Что же делать?! Как же мне быть!? Как же там обойдутся без меня мои верные боевые товарищи!? Боже, ну что я такое несу! Какие товарищи!? Бред какой-то, полный бред! Не может всего этого происходить на самом деле! Нонсенс! Маразм!

А, собственно, чем я рискую? Чего это я так беспокоюсь? Живу спокойно в этом мире, никуда отсюда помимо своей воли деться не могу. Ну, и хорошо… Вижу я довольно реалистические и крайне захватывающие сны. Они очень и очень интересны, возбуждают и интригуют. Но, всё-таки, а сны ли это? Ладно, допустим, что я каким-то образом перемещаюсь в другую реальность, в какой-то загадочный мир и становлюсь совсем иным человеком. Грех, однако, отказываться от такого уникального шанса, — жить его жизнью и испытывать новые ощущения и переживания!

А вообще, есть два варианта. Вернее, передо мною возникают два главных вопроса.
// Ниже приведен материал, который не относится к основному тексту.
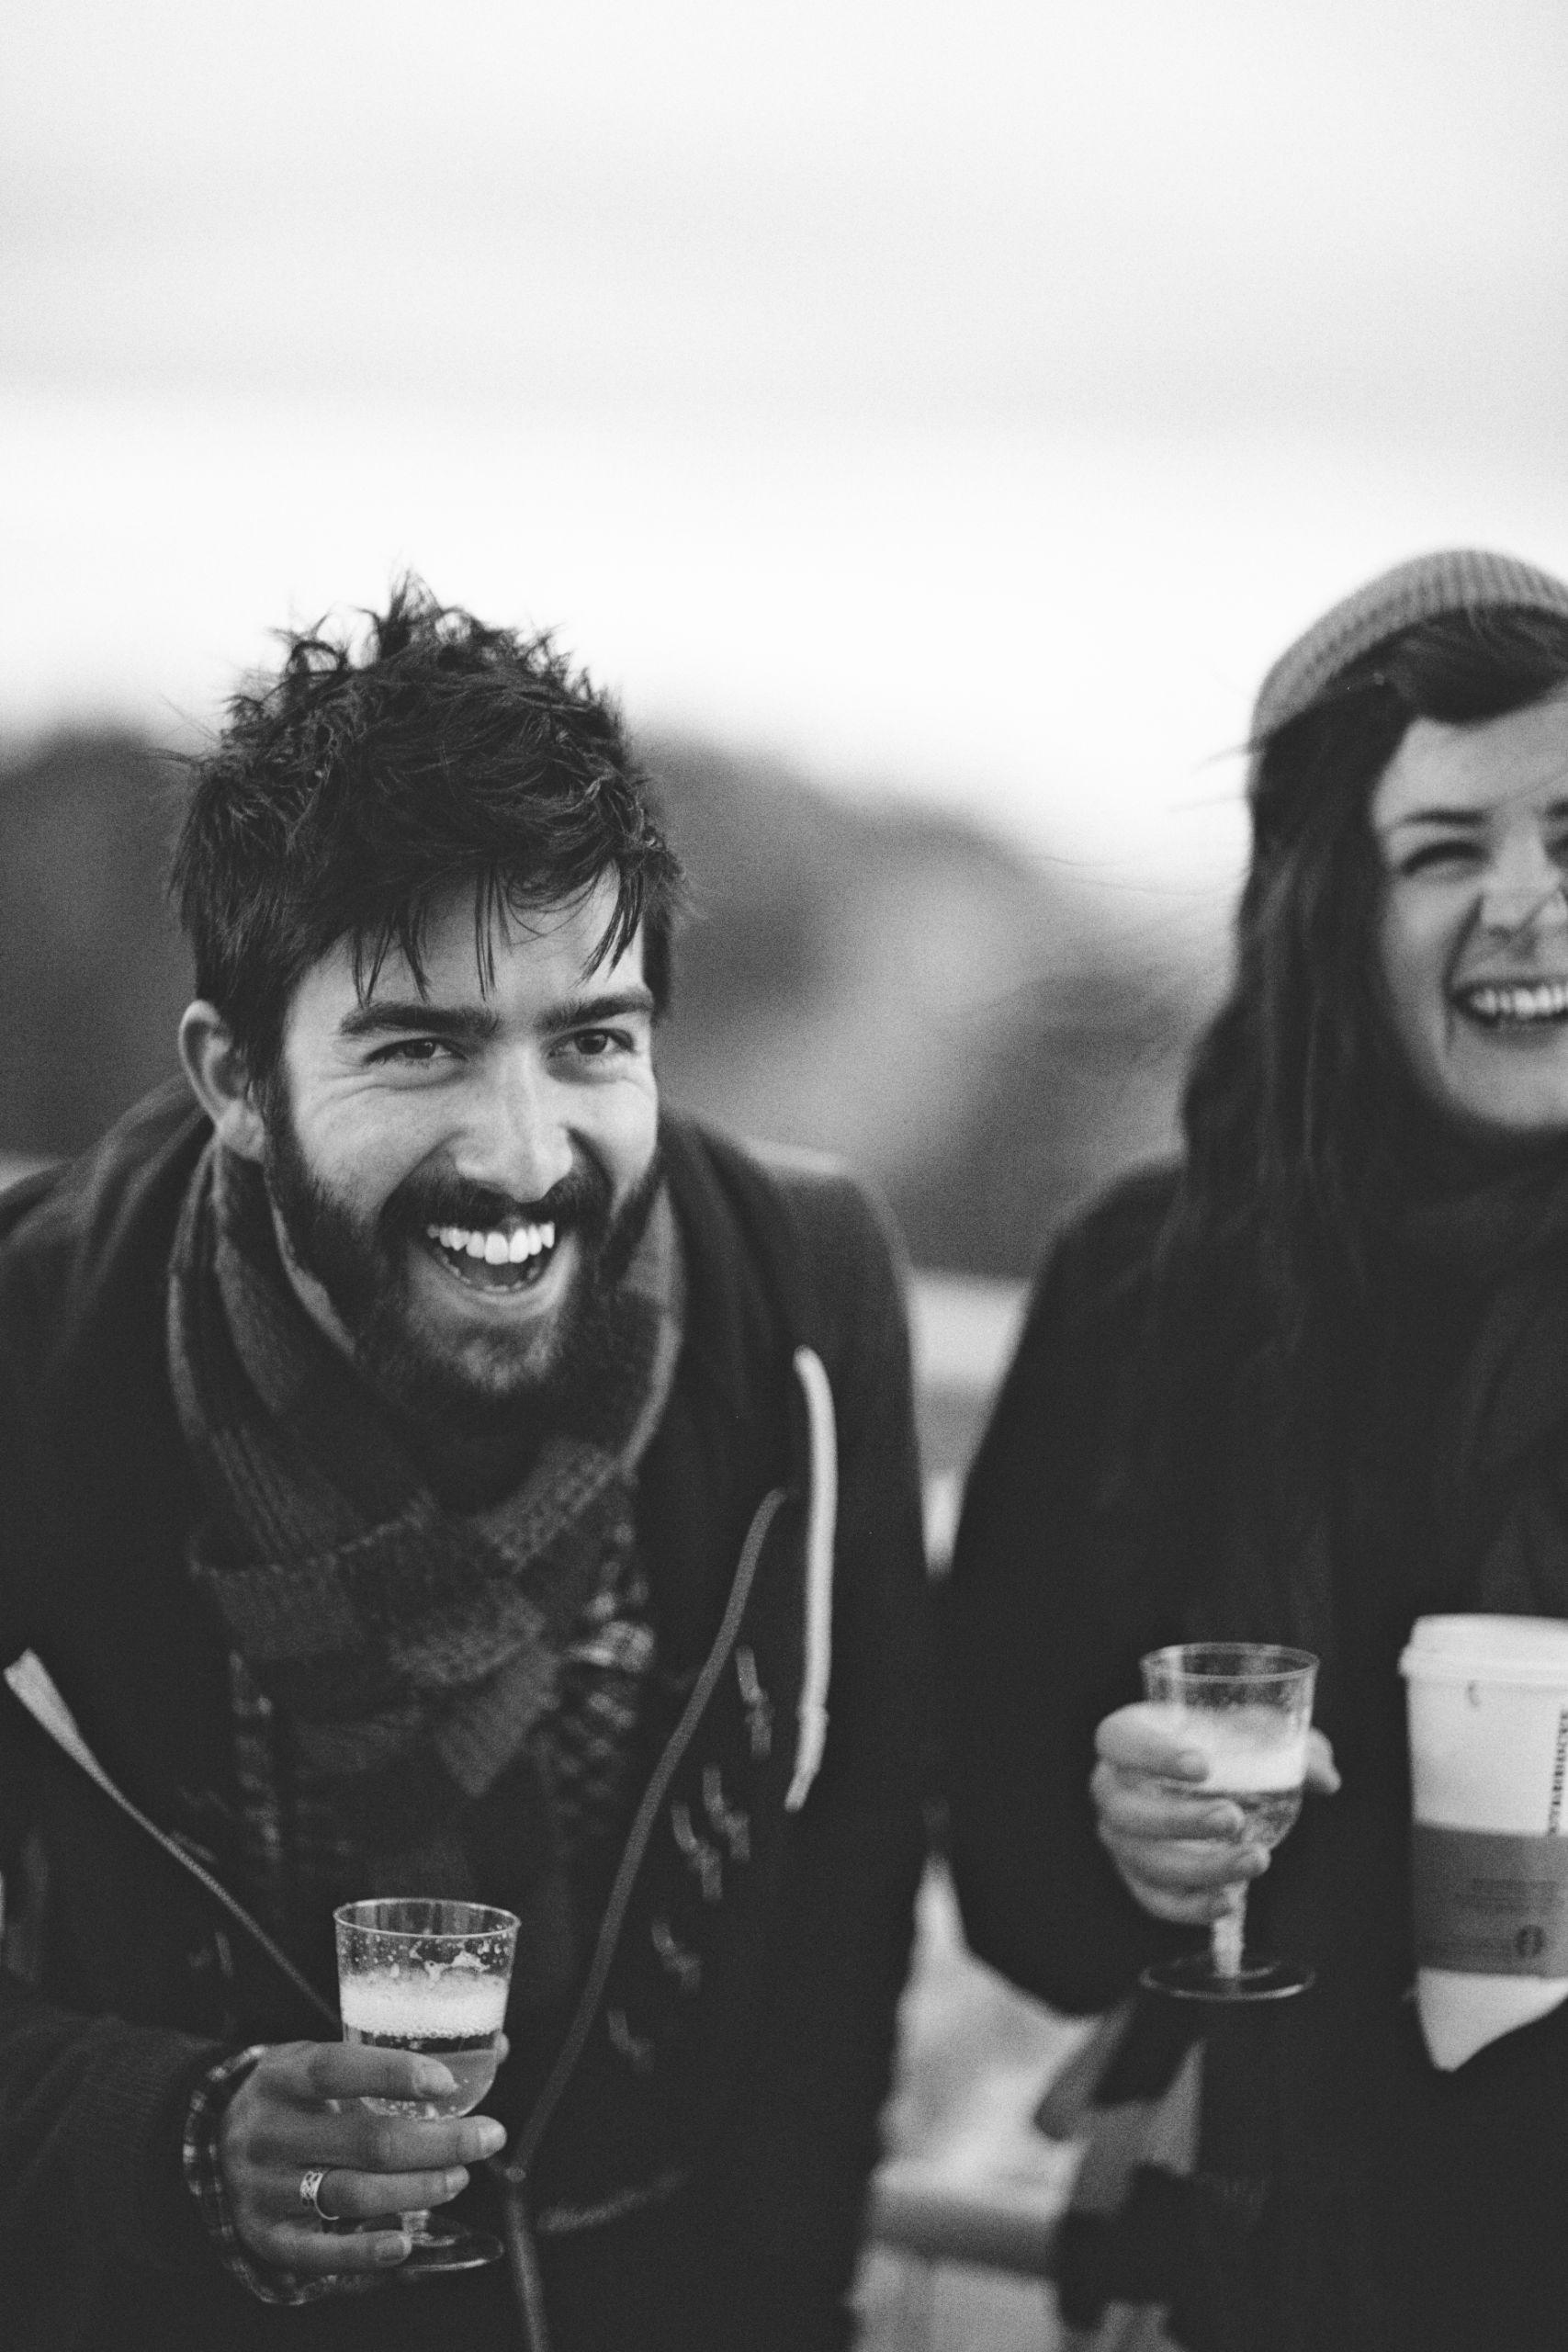 Image 8 of Brannon and Natasha | Proposal at the Balloon Fiesta

Они состоят в следующем. Перемещаюсь ли я в другую реальность в виде некой духовной субстанции, находясь в каком-то странном и необычном состоянии, в этаком иллюзорном трансе, сне, вызванными ДИВАНОМ, но при этом сам я никуда не деваюсь, и моё физическое тело в полной безопасности остаётся существовать в этом мире? А, может быть, в другой мир перемещаюсь я сам в своём обличье, и живу там вполне реальной жизнью, покинув на время этот мир?!

Боже! Какая странная и крайне запутанная ситуация! Зачем мне всё это!? К чему?! Я сначала лихорадочно заметался по кухне в панике, потом немного успокоился и стал медленно бродить в отчаянии туда сюда, застонал. Что же делать, что же делать!? Всё-таки следует убрать этот непонятный объект из моей жизни! К чёрту его!
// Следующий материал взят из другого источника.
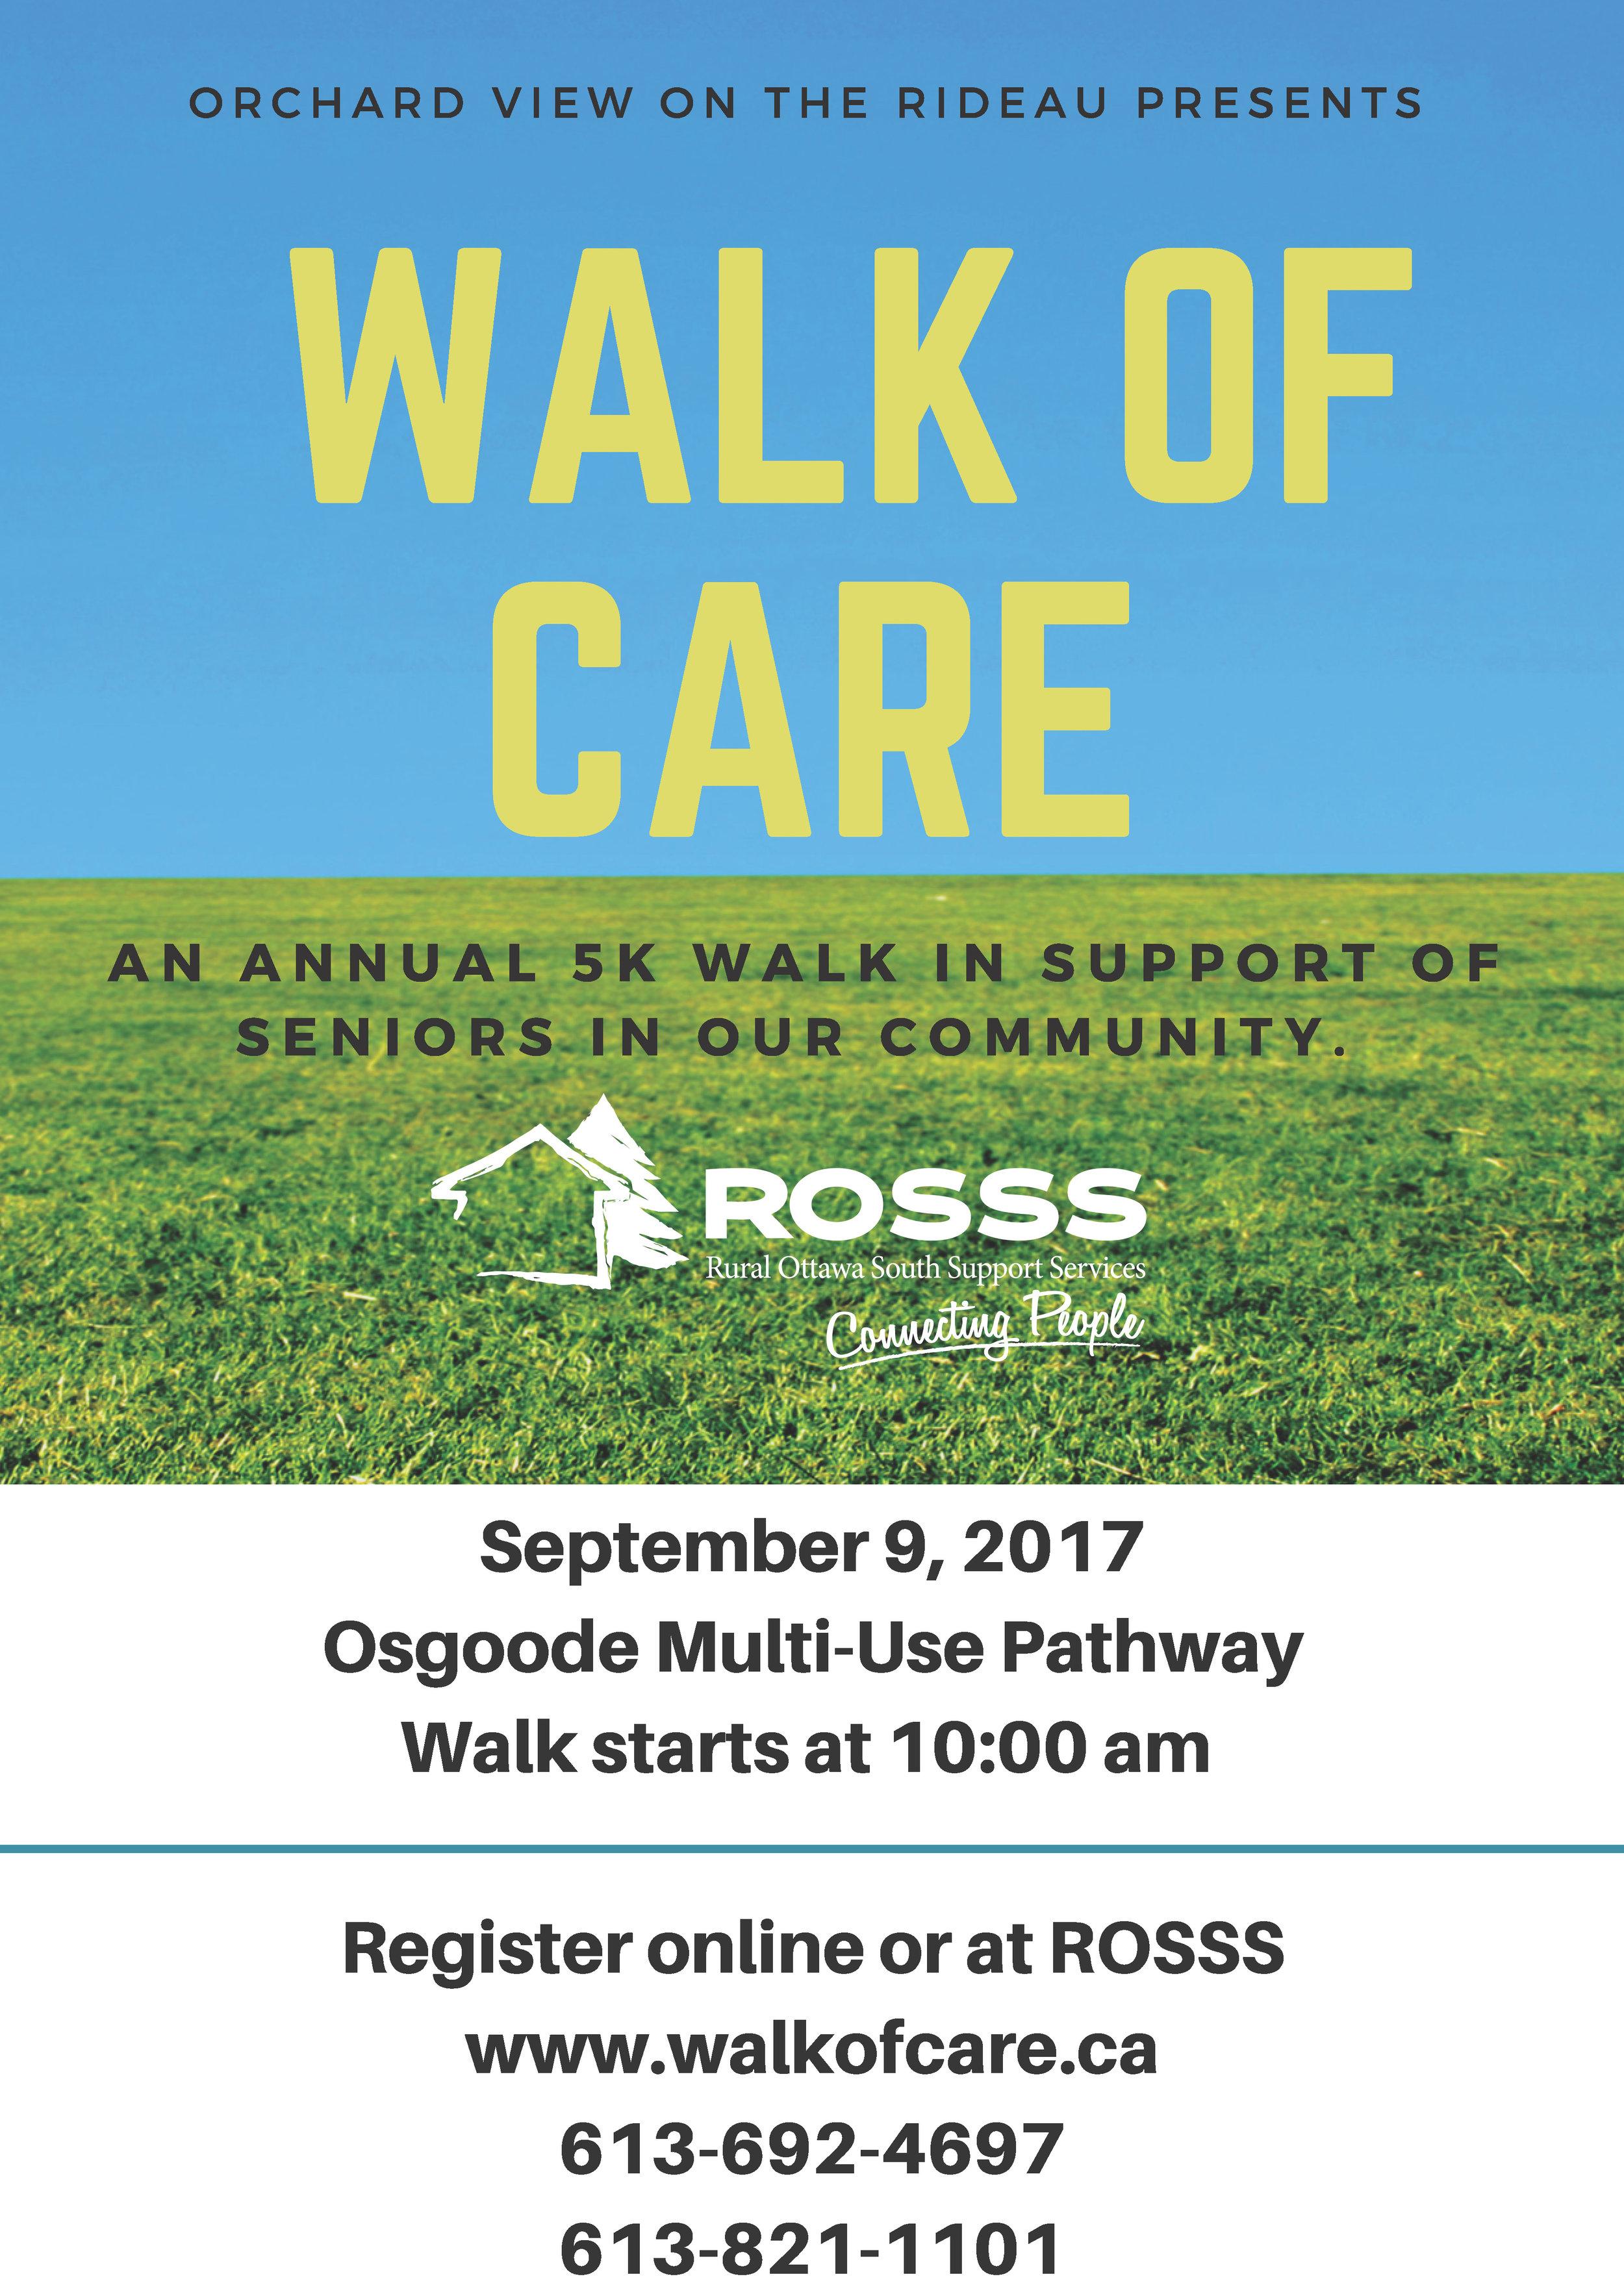 Walk of Care Poster.jpg

Но что-то глодало меня изнутри, что-то подспудно не давало покоя. Какая-то потаённая мысль волновала меня. О, Боже! Да что же со мной происходит?! Как нехорошо, как беспокойно на душе! Ну, ну, ну!? В чём причина такого идиотского состояния?! Почему меня охватило такое страшное смятение чувств?!
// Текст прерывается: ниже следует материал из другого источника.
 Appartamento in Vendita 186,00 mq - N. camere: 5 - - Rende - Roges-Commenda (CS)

И тут вдруг меня осенило и я всё понял. Боже мой! Леди Ли! Она и только она царит в моём ещё недавно холодном и давно никем не занятом сердце! Боже мой! Я безумно в неё влюблён! Боже мой! Как она там без меня!? Богиня моя! Солнце моё негасимое! Девочка моя! Пусечка и пулечка! Звезда моей исстрадавшейся души! Королева моя, волшебница потаённых грёз с роскошными волосами цвета безлунной ночи! Её нельзя потерять ни в коем случае! Я обязан Героем вернуться с войны, и она, нимфа, царица всех цариц, будет навеки моей! Главное, — это победить врага и уцелеть. Вот что самое главное! Всё остальное по боку, к чёрту, к хреновой матери! Плевать мне на всё самыми смачными и глубокими плевками!

О чём это я!? Что за бред я несу!? Какая Леди Ли?! Какая любовь!? Какая война!? О чём это я!? Идиот! Полный идиот! Правильно, совершенно правильно охарактеризовала меня совсем недавно моя Королева! Я есть — Его Величество, Конченный Идиот! Я решительно допил остатки водки, повалился на пол и провалился в тёмную бездну то ли сна, то ли потерянного сознания.

Проснулся я с такой головной болью, что, казалось, ткни в мой череп пальцем, и он разорвётся на мелкие раскалённые куски, как граната. Я потряс перед собою пустой бутылкой, задумчиво и меланхолично обозрел её жалкую сухую сущность, жадно выпил стакан воды прямо из-под крана, а потом решил прогуляться.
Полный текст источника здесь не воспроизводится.